WHAT IS NEEDED:
Output exactly the lines that come between the start of the material and the line containing "Chinese Imari Porcelain", both ends included, with the pictures omitted.

DATA SHOWN:
↓

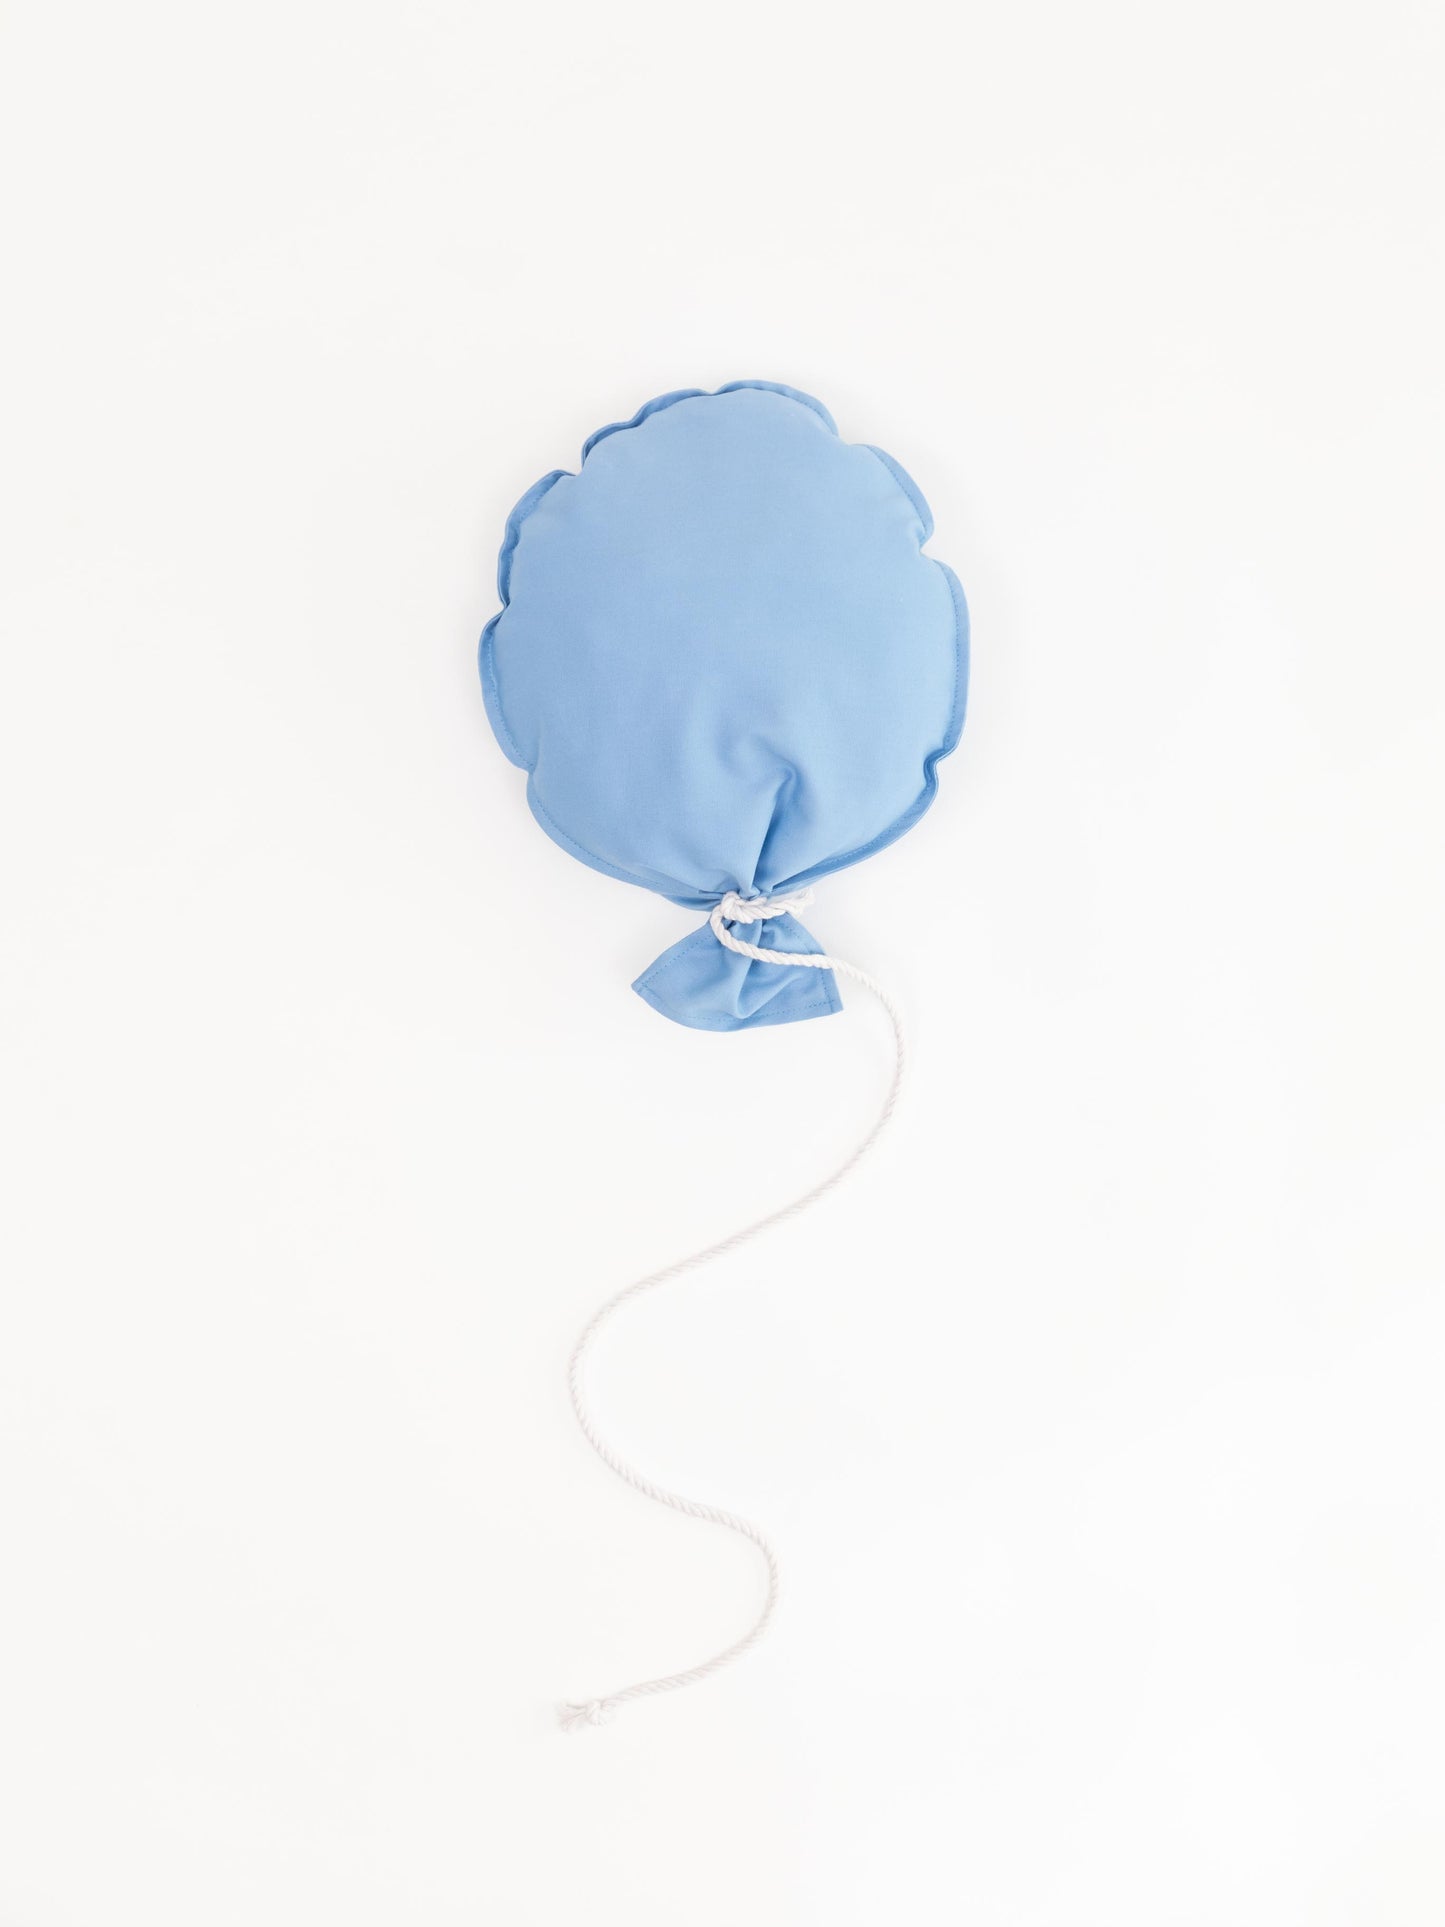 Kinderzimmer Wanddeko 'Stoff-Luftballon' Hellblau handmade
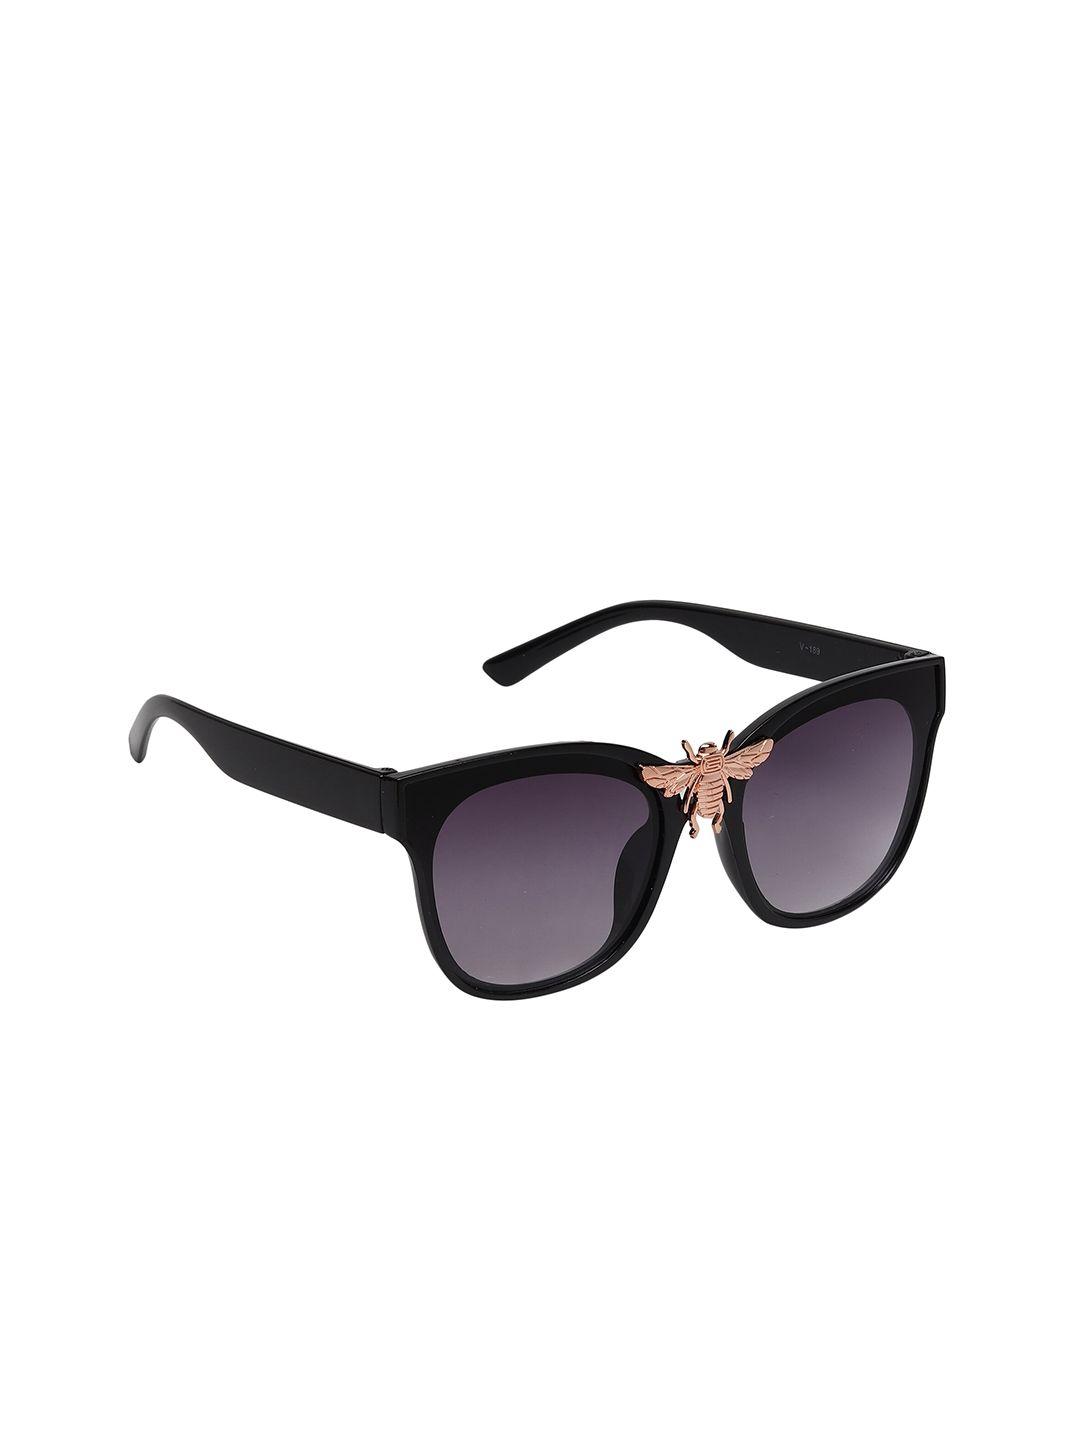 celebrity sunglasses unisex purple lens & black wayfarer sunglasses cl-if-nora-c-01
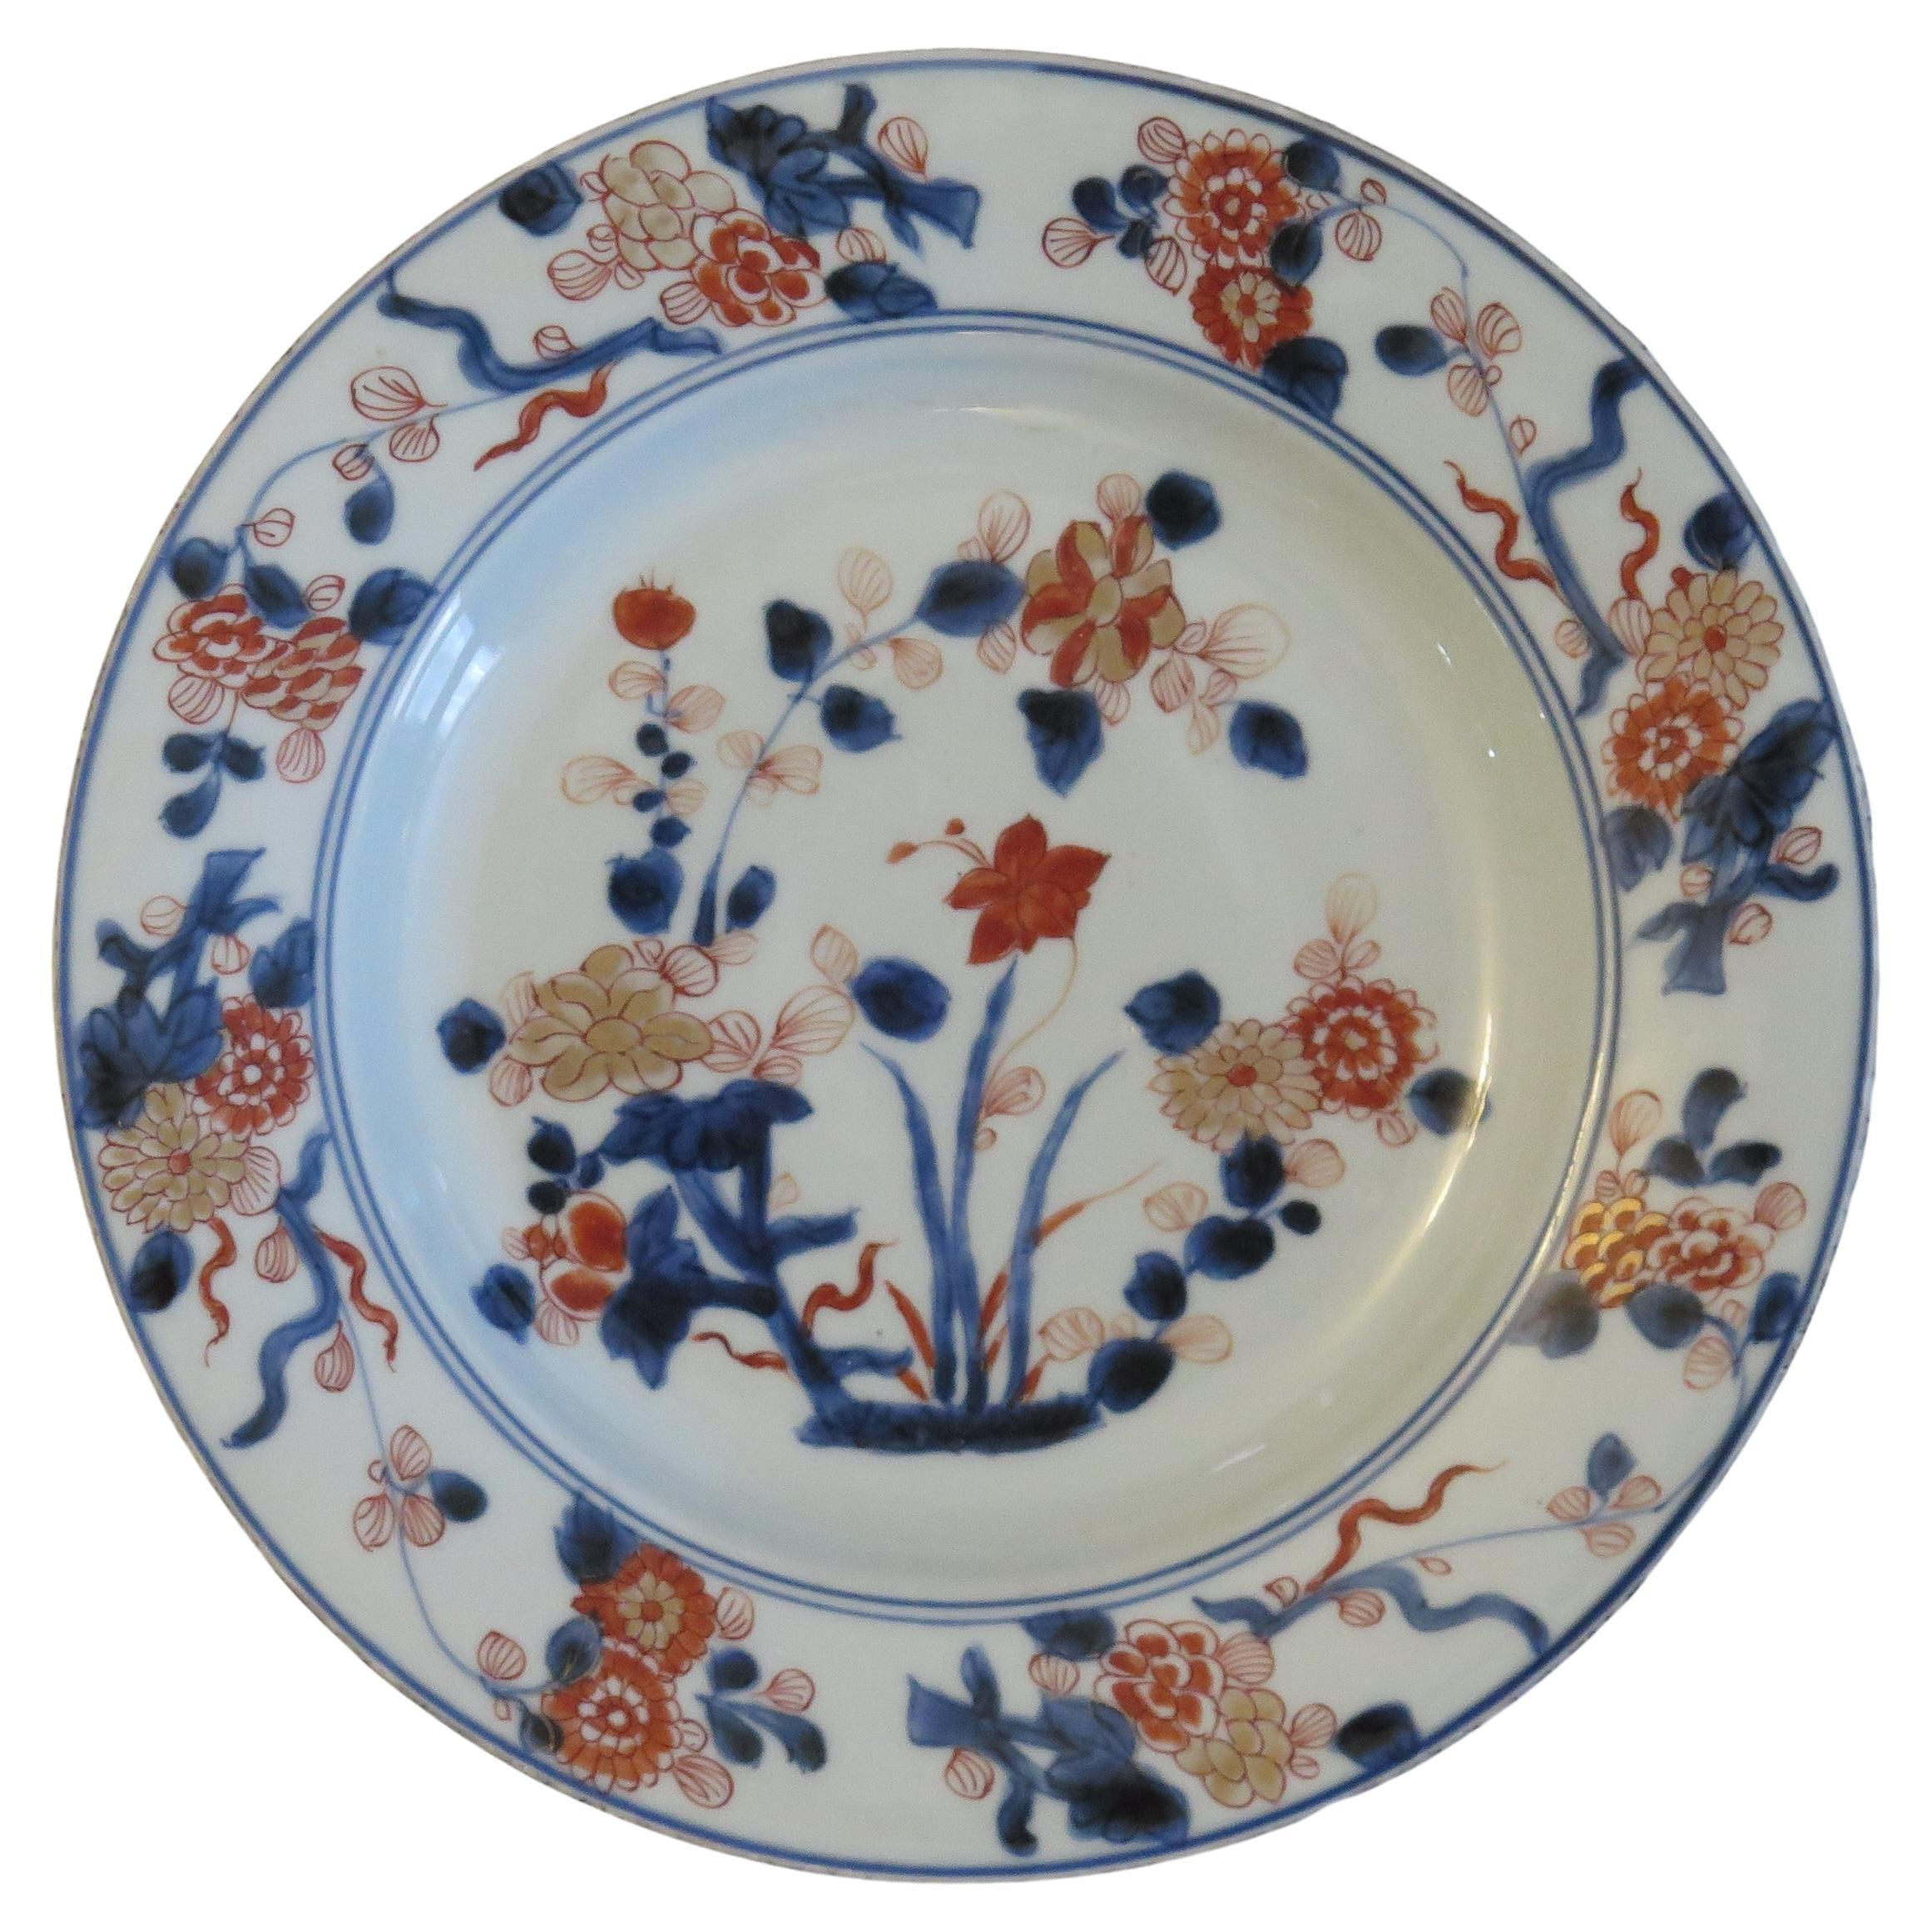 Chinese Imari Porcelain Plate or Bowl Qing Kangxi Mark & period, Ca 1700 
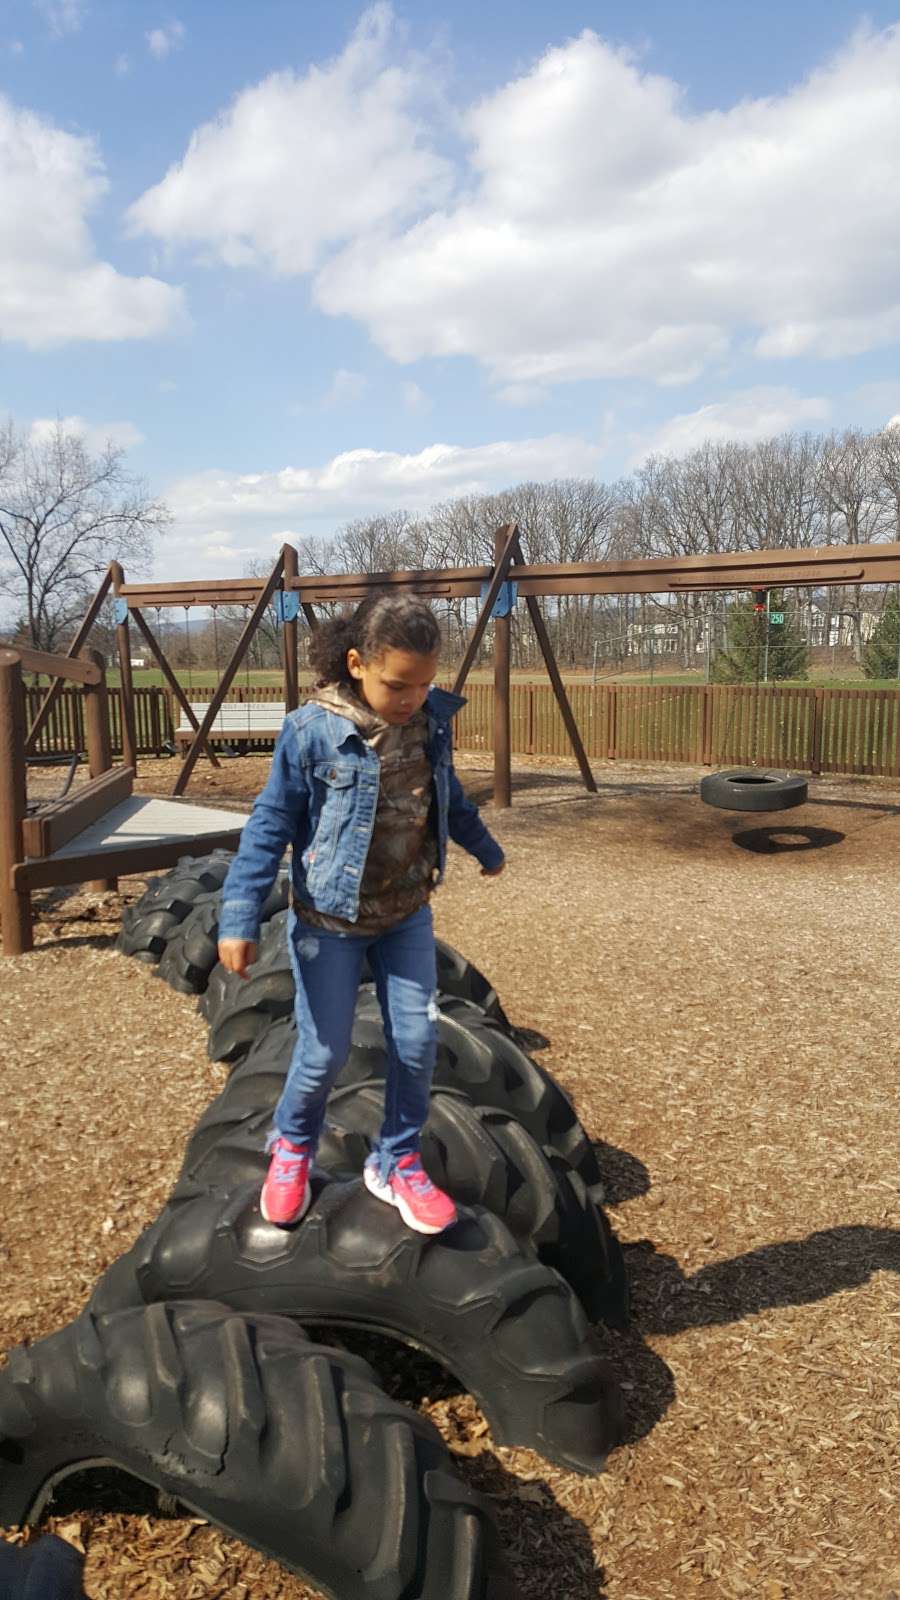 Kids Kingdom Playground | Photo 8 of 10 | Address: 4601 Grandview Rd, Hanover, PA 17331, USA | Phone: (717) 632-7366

↑

WRITTEN SOLUTION:
 Kinderzimmer Wanddeko 'Stoff-Luftballon' Hellblau handmade
 celebrity sunglasses unisex purple lens & black wayfarer sunglasses cl-if-nora-c-01
 Chinese Imari Porcelain Plate or Bowl Qing Kangxi Mark & period, Ca 1700 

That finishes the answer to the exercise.